Exercise goal:
With the pictures left out, write out the records verbatim.

Dataset entries

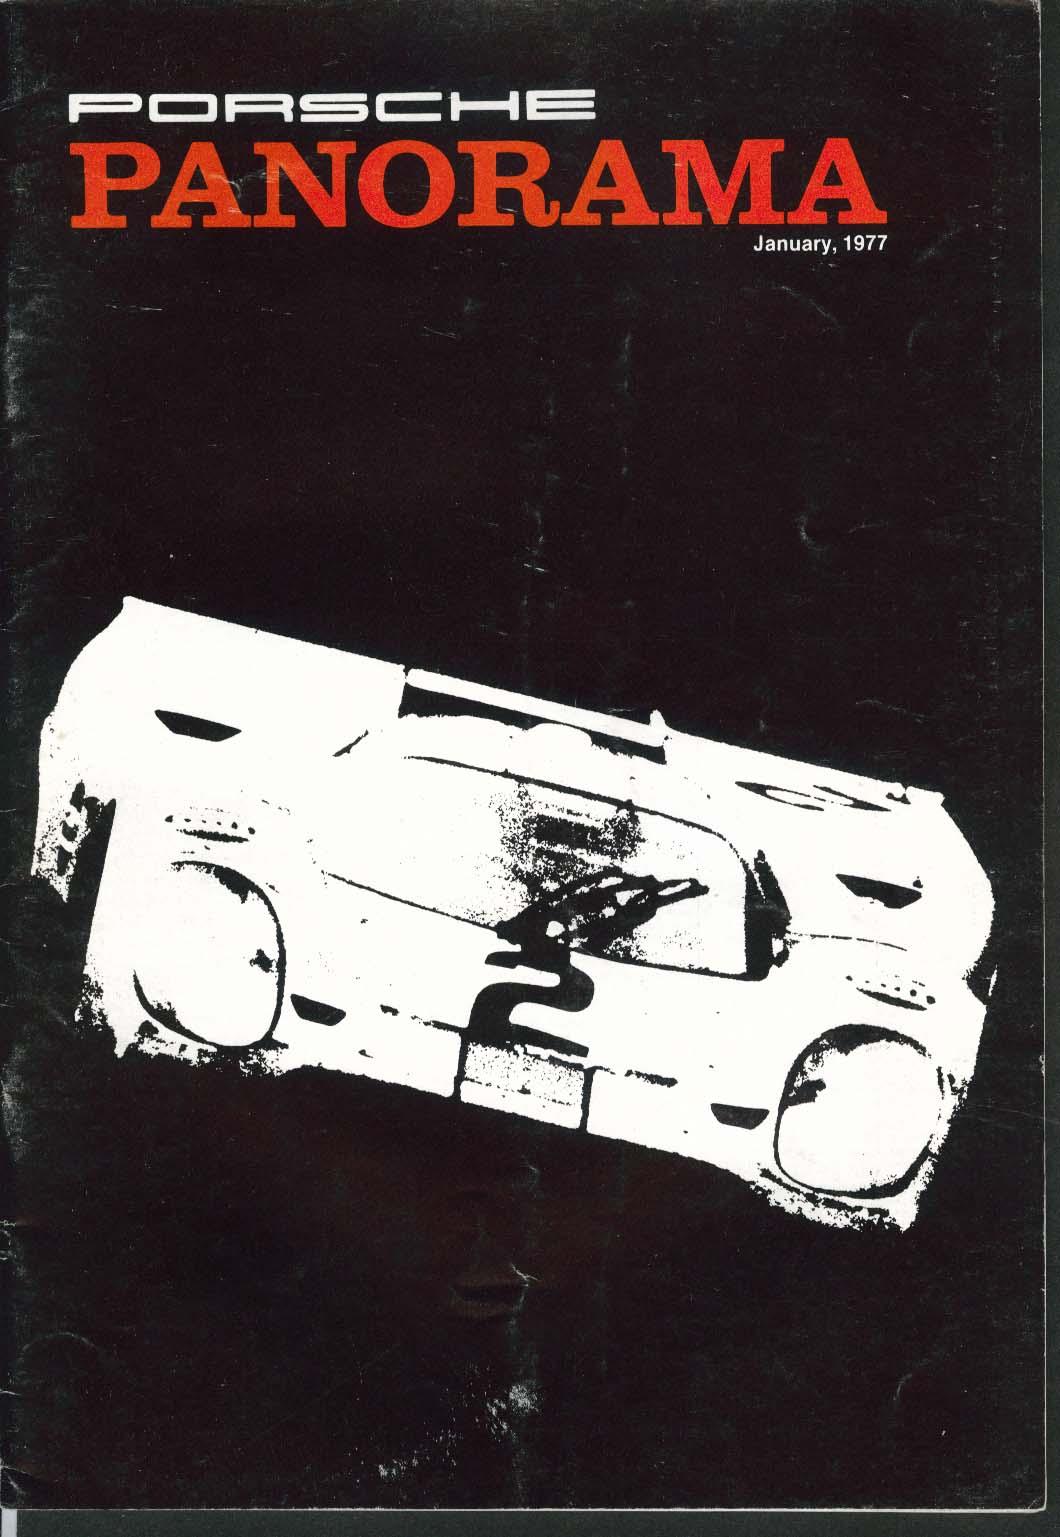 PORSCHE PANORAMA John B Milling Jane Nestlerode Sutterfield Weltmeister 1 1977
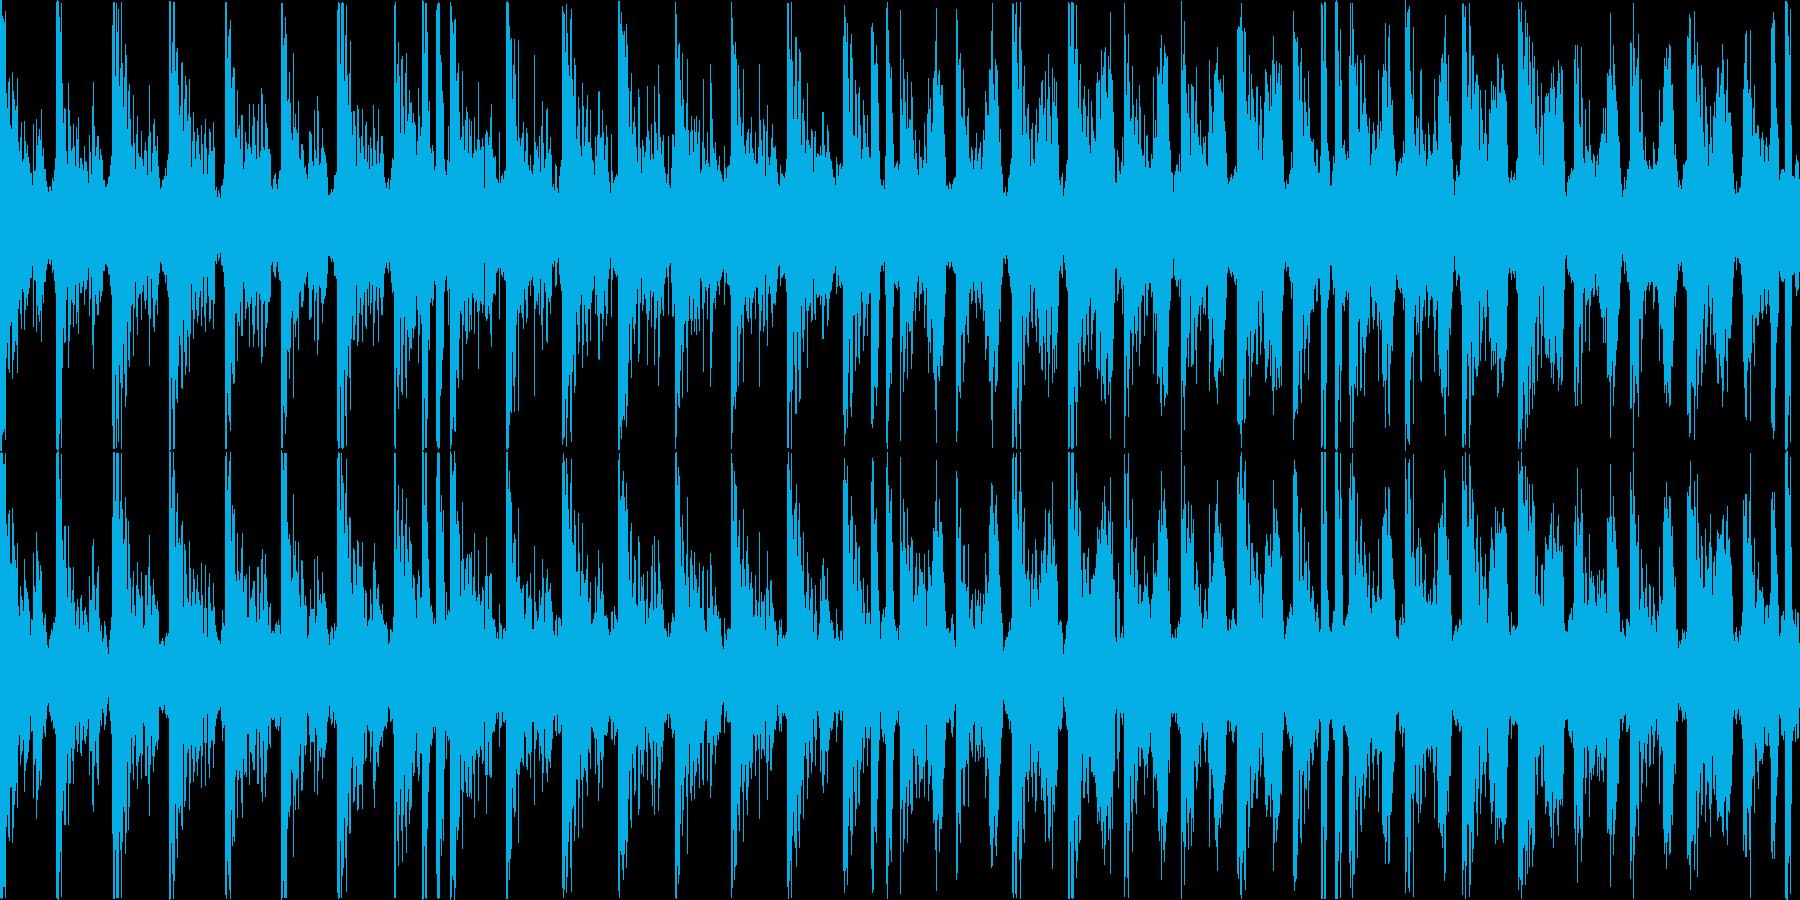 エレピの甘い雰囲気を持った曲の再生済みの波形
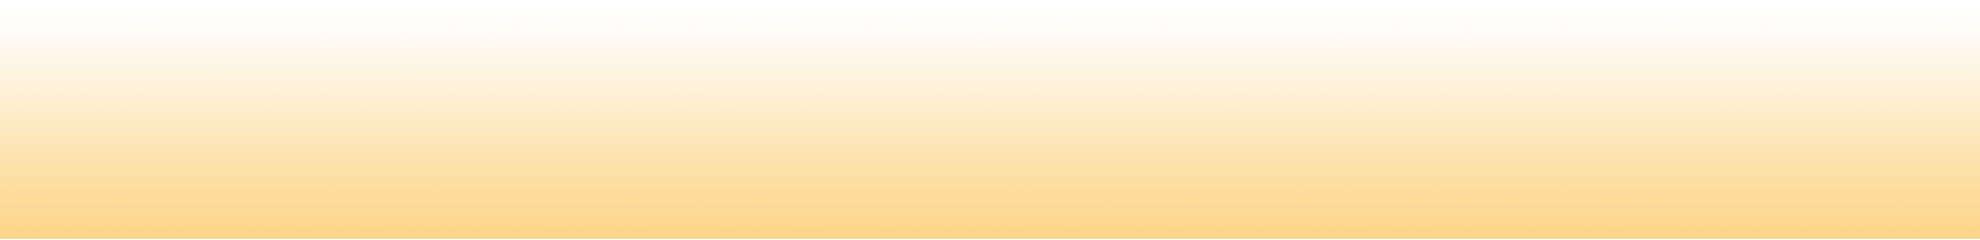 S0-Recorder: Ein Programm zum Auslesen von bis zu 32 Stromzählern vom Typ Modbus, D0, EDL, SML und S0
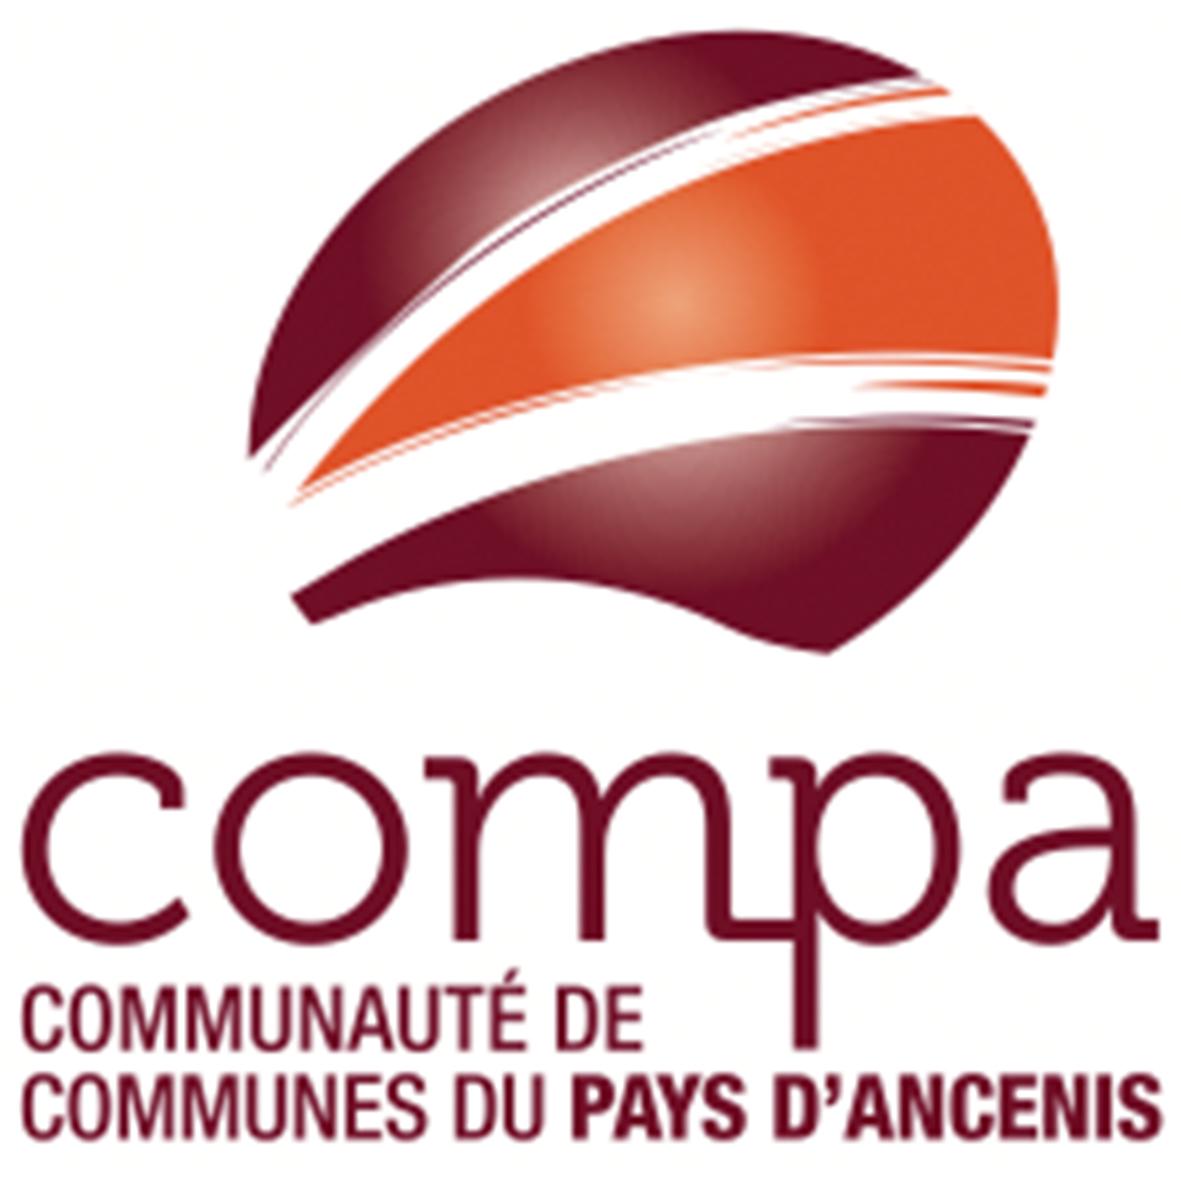 Communauté de communes du Pays d'Ancenis
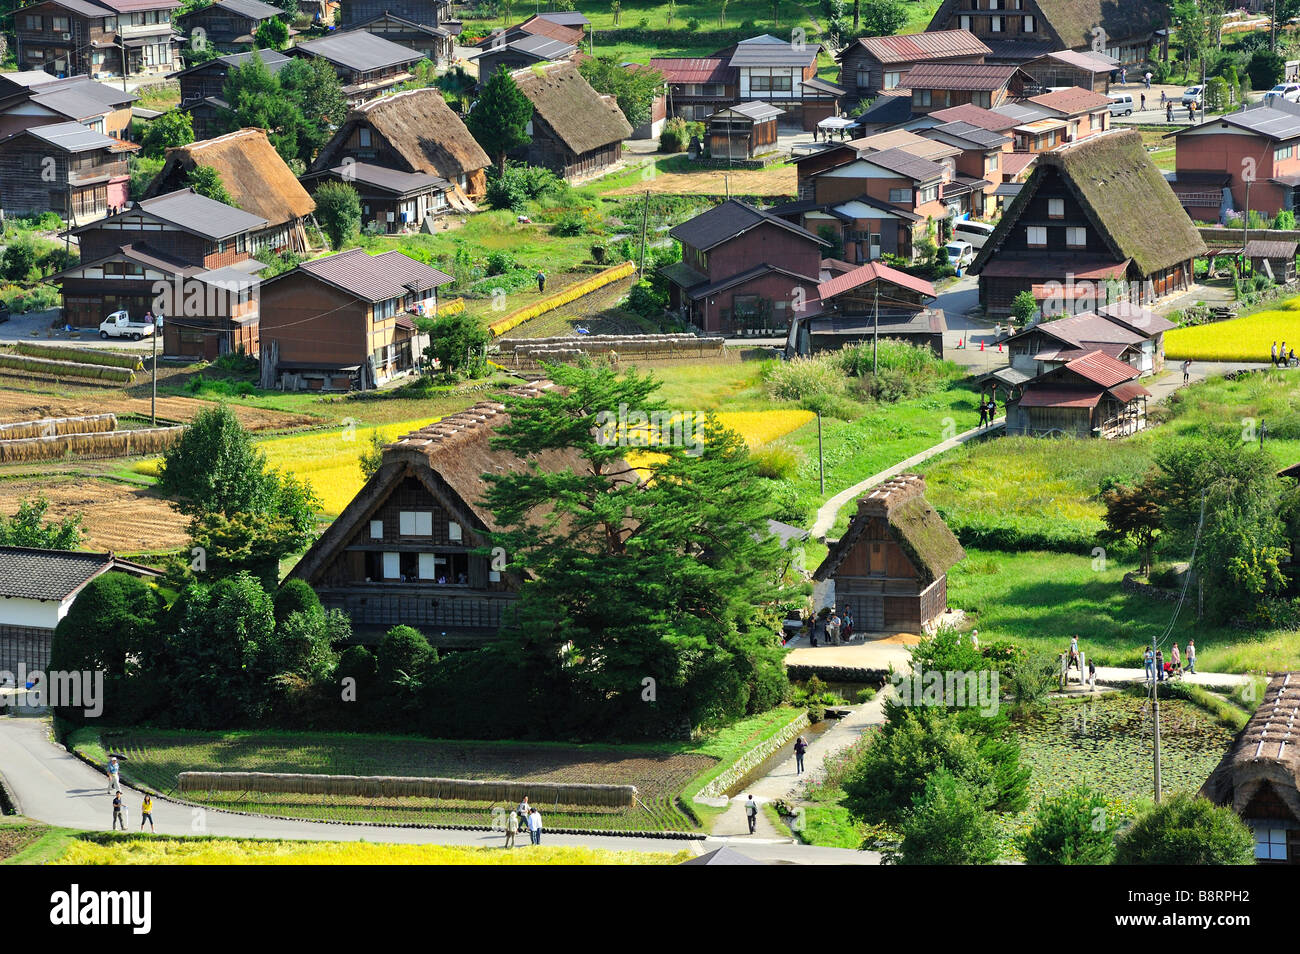 Shirakawa-go, Gifu Prefecture, Japan - Stock Image

Response area:
 PORSCHE PANORAMA John B Milling Jane Nestlerode Sutterfield Weltmeister 1 1977
 エレピの甘い雰囲気を持った曲の再生済みの波形
 S0-Recorder: Ein Programm zum Auslesen von bis zu 32 Stromzählern vom Typ Modbus, D0, EDL, SML und S0
 Communauté de communes du Pays d'Ancenis
 Shirakawa-go, Gifu Prefecture, Japan - Stock Image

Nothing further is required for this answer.